Interest in the life of Carlo Acutis has been intense all over the world. And while research shows that a growing number of millennials and Gen Z Americans do not practice any religious faith, CNA spoke with some Catholic contemporaries of Acutis, who said the video-game playing Italian makes them want to grow closer to God.
Born on May 3, 1991, Carlo Acutis died at the age of 15 on Oct. 12, 2006 after suffering from leukemia.
During his life, he created a website dedicated to eucharistic miracles and maintained a deep devotion to the Eucharist until his death. He also loved PlayStation, which is probably a first for anyone canonized or beatified.
Acutis serves as an example for how millennials and Gen Z should live their lives, Cecilia Cicone, a 25-year-old from Delaware, told CNA.
“Carlo puts flesh on what a saint who plays video games and goes on the internet looks like. He challenges me to examine my conscience and say, ‘Ok, I’m called to be a saint who uses the internet too. Am I using it to make God’s love known?’ ”
Acutis, she said, is a concrete example of “what holiness looks like in the 21st century.”
“We see that holiness can involve awkward middle school phases with popped collars and video games,” she said. “With the beatification of Carlo Acutis, for the first time I experience the peace and joy of recognizing that I, too, can be a saint of the 21st century. It’s not a hypothetical anymore.”

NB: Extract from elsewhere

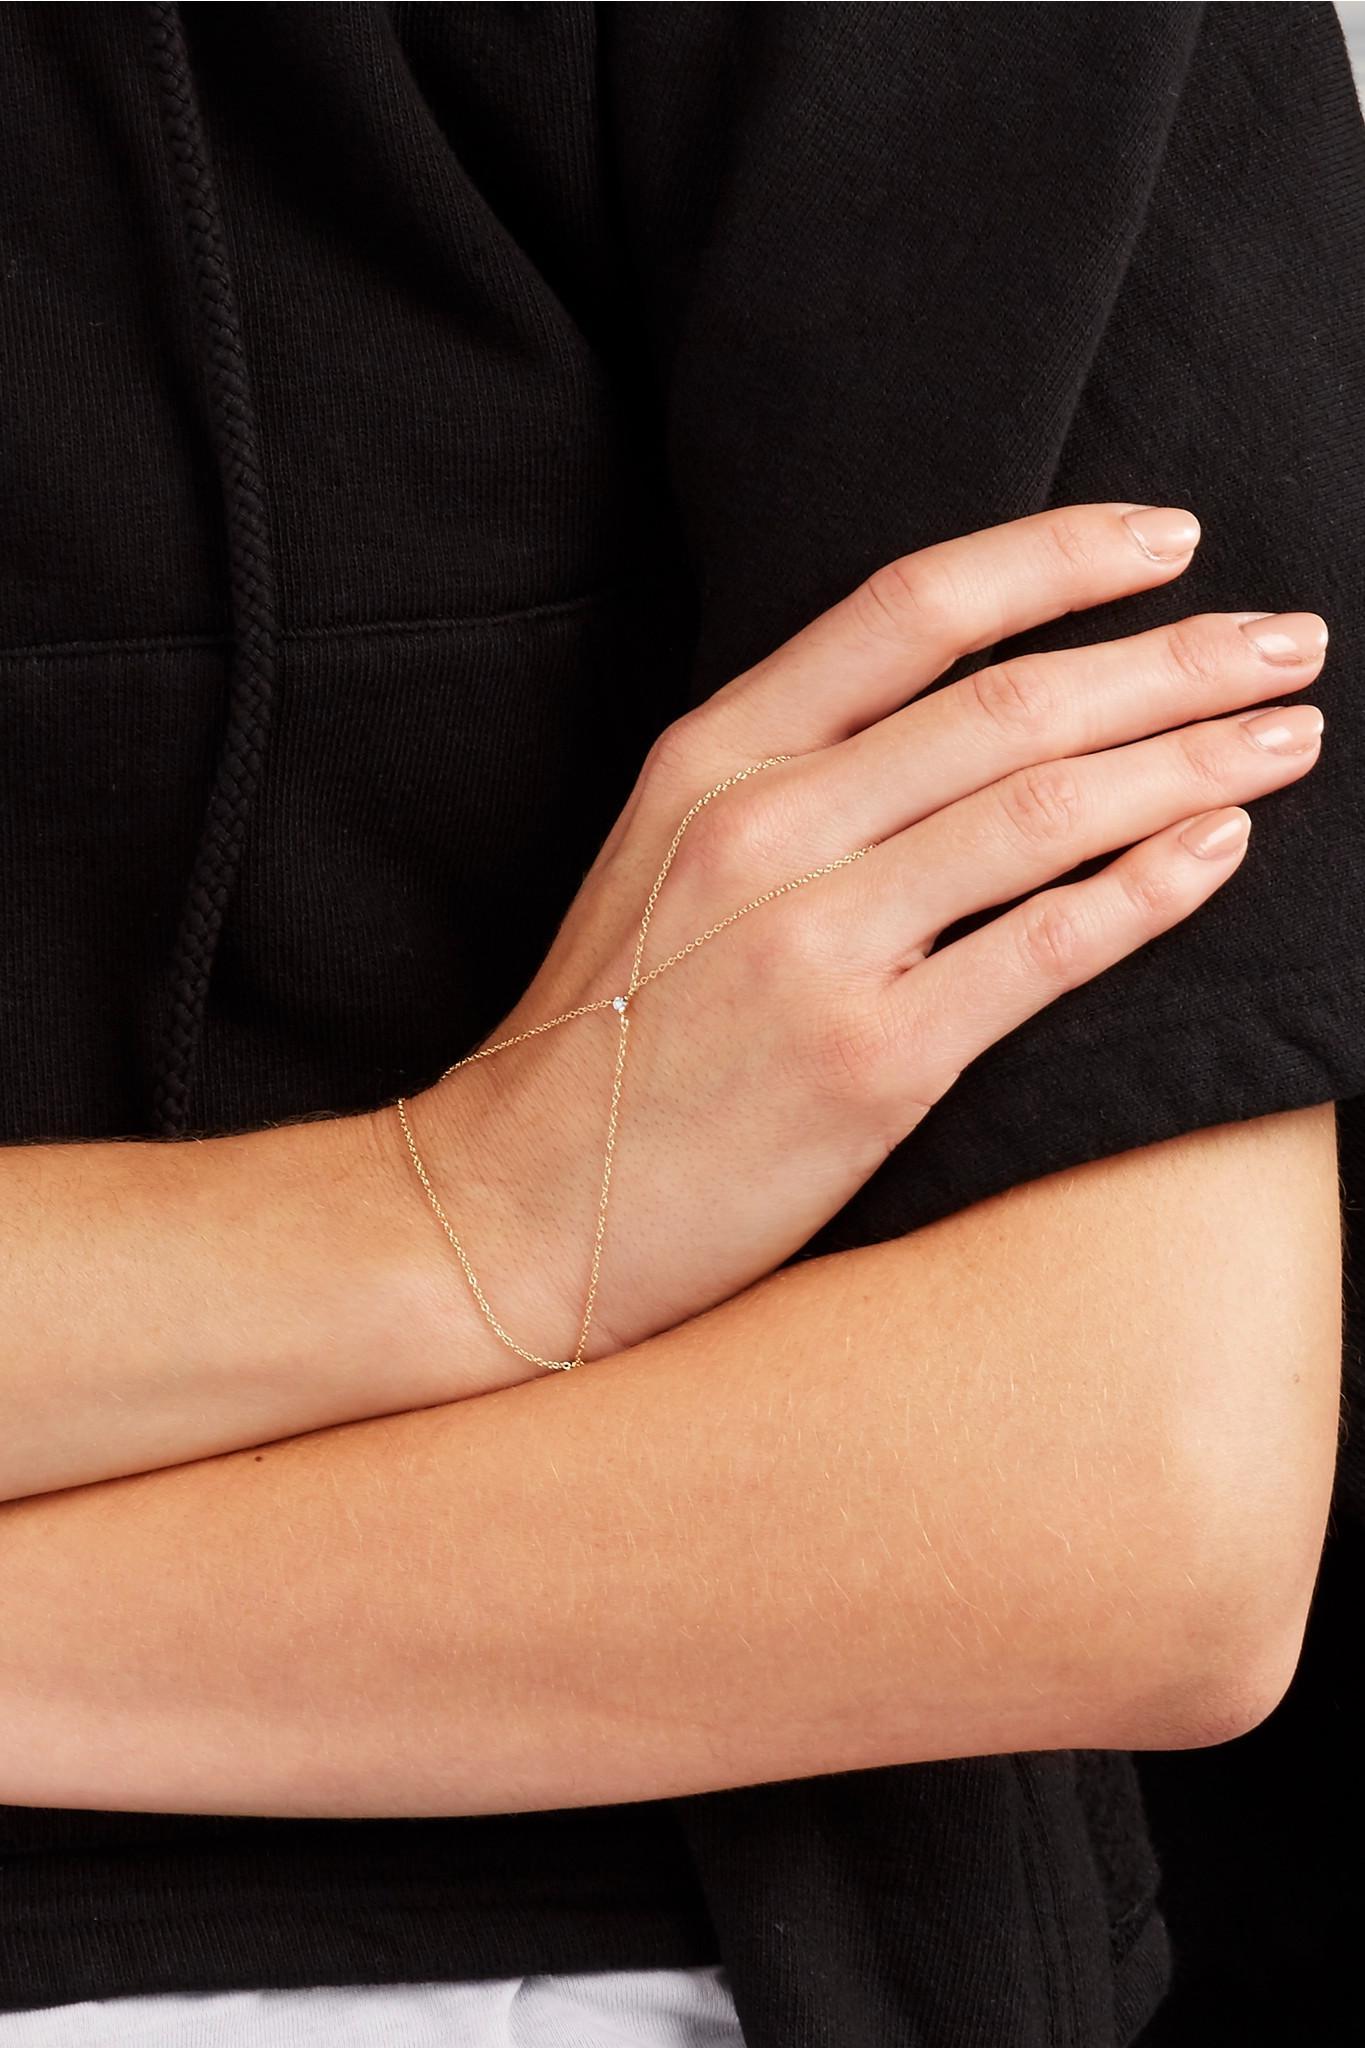 Catbird Kitten Mitten 14-karat Gold Diamond Bracelet tyeTxury

Father John LoCoco, a priest of the Archdiocese of Milwaukee, is about six months younger than Acutis. And when he first heard about Acutis in 2014, he said he was “wholly unimpressed by his witness at first.”

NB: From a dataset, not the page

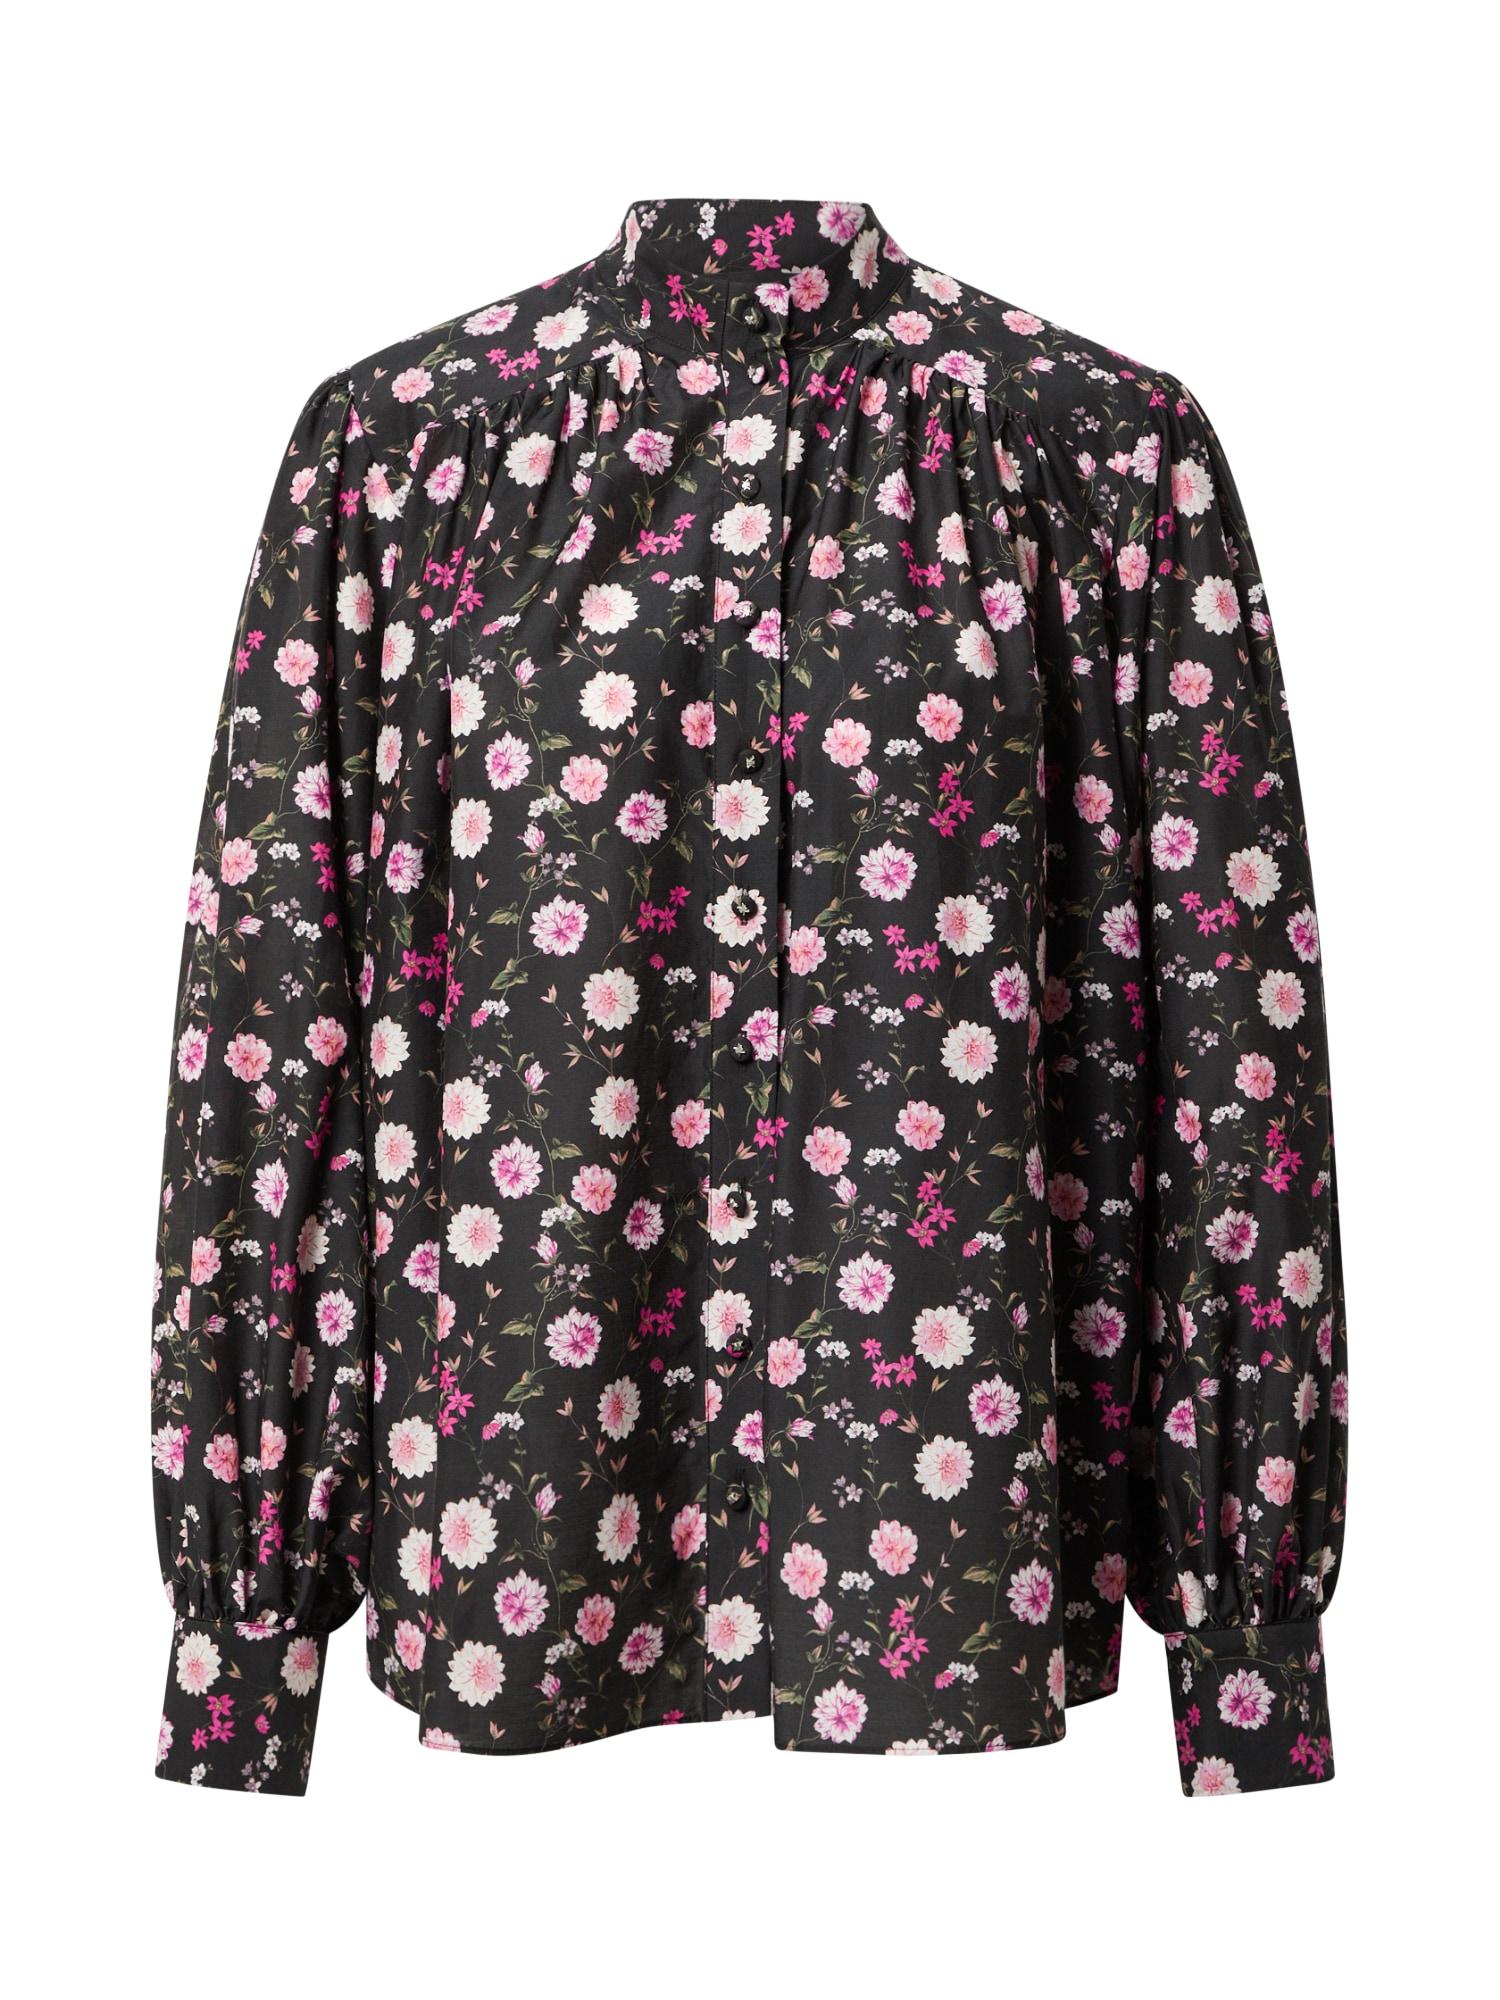 The Kooples Palaidinė juoda / rožių spalva / ryškiai rožinė spalva / rožinė / alyvuogių spalva

“I never cared much for computers or video games, so it never made him ‘familiar.’ He was just a kid who blogged about the Eucharist,” Father LoCoco told CNA.
Gradually, however, Father LoCoco’s views on Acutis began to change, and now he thinks that Acutis “will be a stalwart saint in the modern age.”
“I think that what I have come to love is what seems to be the very gentle nature of Carlo,” Father LoCoco said. “His care for those who are picked on in school, his care for those whose parents were divorcing; Carlo seems so emotionally invested in the lives of people.”
Father LoCoco told CNA that he now finds the “profoundly quiet, honest sense that he had of God’s presence in all things” to be “remarkable.”
Maria Roberts, a 26-year-old computer programmer, is excited that her profession is about to gain its own patron saint, and she thinks that Acutis is a good example for how Catholics should be using the internet.
“It is important for us as Catholics to ”think about how technology can be used for good and for evangelization, and not as a way to take advantage of others or demoralize young people,” she said.
“There is so much good to be done and so much suffering nowadays – young people should know that their talents can be used for God’s glory in many ways through our technological advances.”
Acutis’ age has been a sort of a spiritual wake-up call for some Catholics.
“The fact that we were alive at the same time and are so close in age seems to highlight even more the gap between our ‘levels’ of holiness,” Taylor Hyatt, a 28-year-old from Canada, told CNA. She was born the same year as Acutis.
“That said, I really appreciate his deep love for the Eucharist and interest in the internet. We shared those interests, back when I was his age and up to now,” she said. Hyatt also admired Acutis’ interest in disability rights, a cause she is also involved with.
It is Acutis’ “normalcy” that makes him so interesting, some Catholics told CNA.
Acutis “is someone we can look at and quite literally picture ourselves,” Alex Trevino, a 30-year-old from Dallas, told CNA. “He’s buried in the clothes that I wore as a teenager.”
Trevino said that Acutis’ beatification shows young people “that you don’t need to be a priest, a bishop or even a pope to be holy.”
“We need to see as a church that sainthood, heaven and eternal life with God is real and attainable,” he added.
Ani, a 24-year-old from Texas, agreed. She described Acutis as “just a regular dude who grew up Catholic, as we all do, got sick like so many people do, and built a website to post about his specific interests like we do.”
“We talk about everyday sanctity a lot in Schoenstatt, the concept of doing things extraordinarily well,” Ani said to CNA. “I feel like Carlo maybe the first saint I’ve seen that’s had an actually normal, human, attainable way to do that.”